Healthcare is the most-discussed corner of the middle market and the least precisely discussed. 'Multiples are strong' is true at the headline and useless at the table, because the word 'healthcare' covers a range wide enough to swallow most of the disagreement in any given negotiation.
Healthcare is 62% of our universe — 953 of 1,544 deals — which is enough to cut by sub-sector and still stand on real sample sizes. Cut that way, the single 'healthcare multiple' dissolves into a 6.5-turn spread.
At the top, healthtech platforms clear a median 14.2x EBITDA, managed care 13.8x, and diagnostics and medical devices 13.3x apiece. In the middle, oncology runs 12.4x, elder care 11.8x, and ophthalmology MSOs 11.3x. At the bottom, hospital platforms sit at 9.9x and dental DSOs at 7.7x. The distance from healthtech to dental is nearly double, inside the same sector heading.
A dental founder who benchmarks against 'healthcare at 13x' has mis-set their own expectation by five or six turns before the first conversation. A buyer, who knows the sub-sector medians cold, has every incentive to let the conflation stand. The job of the comp set is to collapse 'healthcare' into the right sub-sector and price against that, with the sample size stated plainly — diagnostics on 43 disclosed deals carries more weight than ophthalmology on six.

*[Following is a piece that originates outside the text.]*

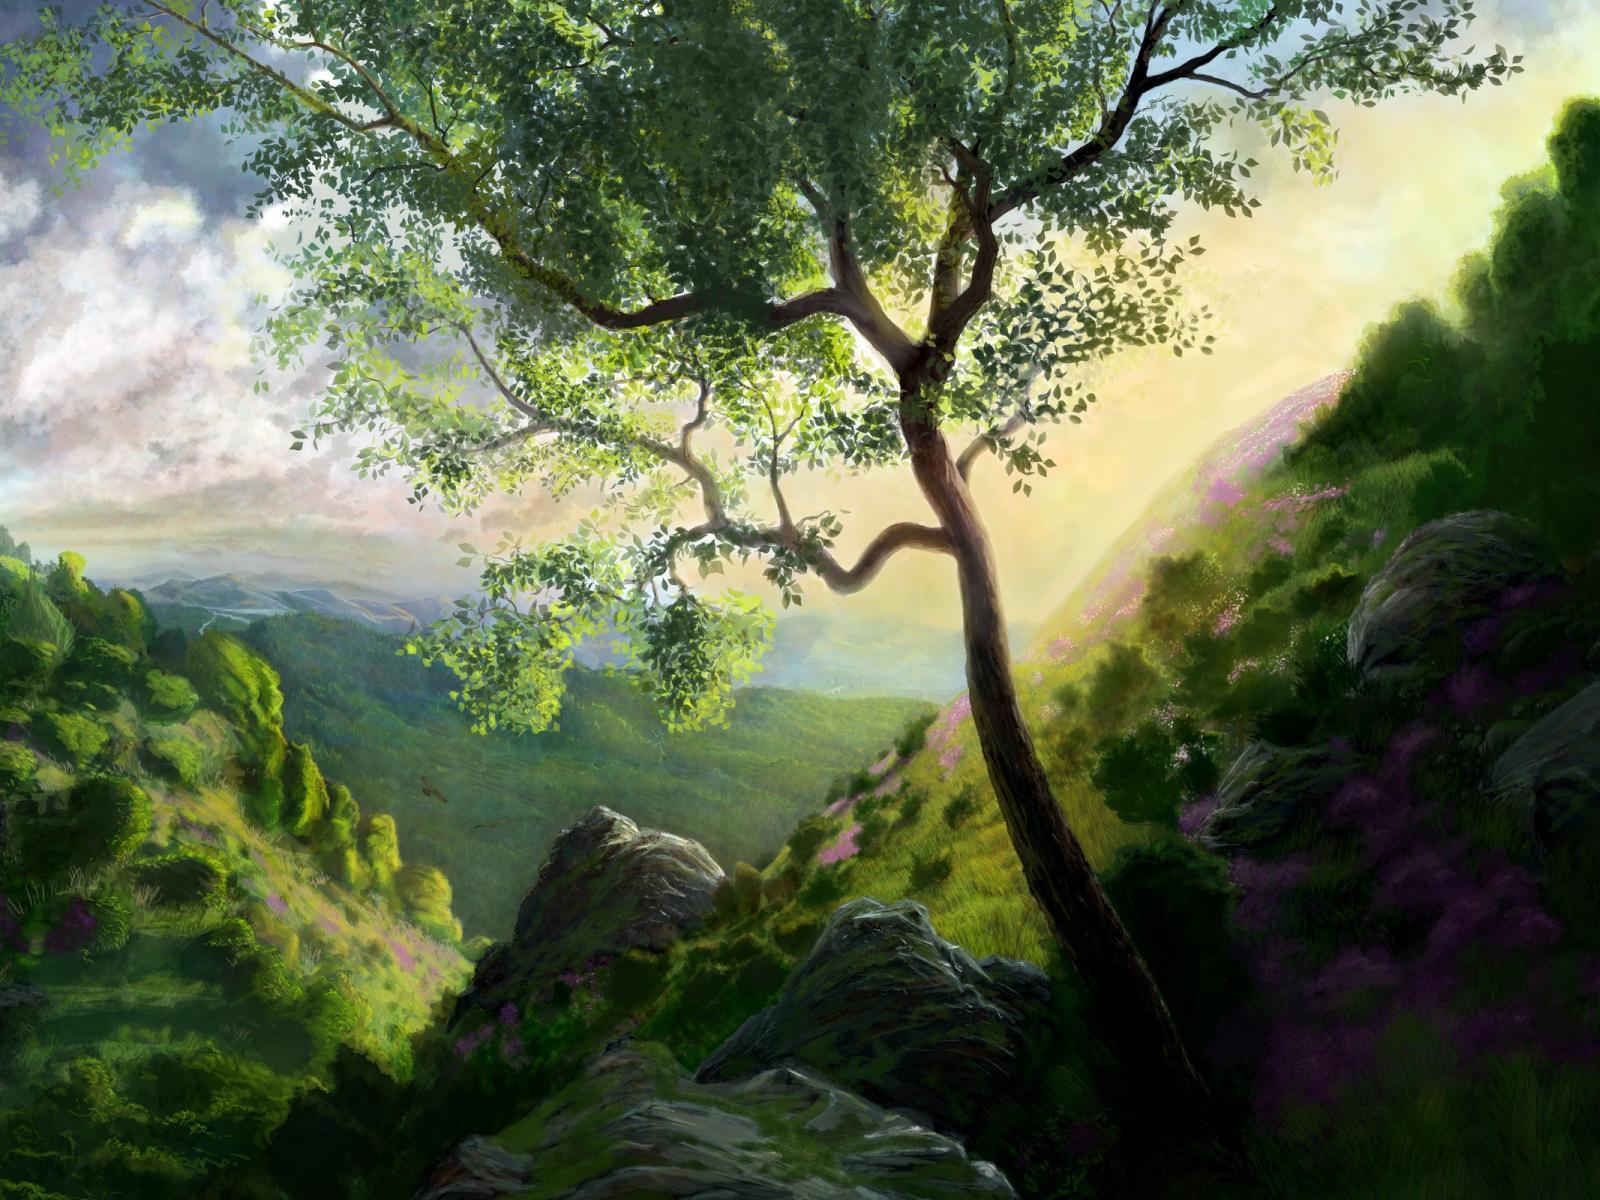 Drawn background desktop Artwork background nature artwork widescreen

Plot each cohort on both axes — revenue multiple against EBITDA multiple — and a second layer appears. The premium cohorts cluster top-right: healthtech and diagnostics command both a high revenue multiple and a high EBITDA multiple, the signature of genuinely scarce, scalable assets. Dental and hospital platforms sit lower-left on both.
The instructive outlier is the primary-care MSO: a low revenue multiple paired with a high EBITDA multiple. That combination is not a contradiction — it is a margin signature. It says the model runs thin on revenue and is priced on the earnings it converts, which tells a seller exactly which lever — margin, not top-line — moves their valuation. Reading the two multiples together, rather than either alone, is what separates a comp set from a number.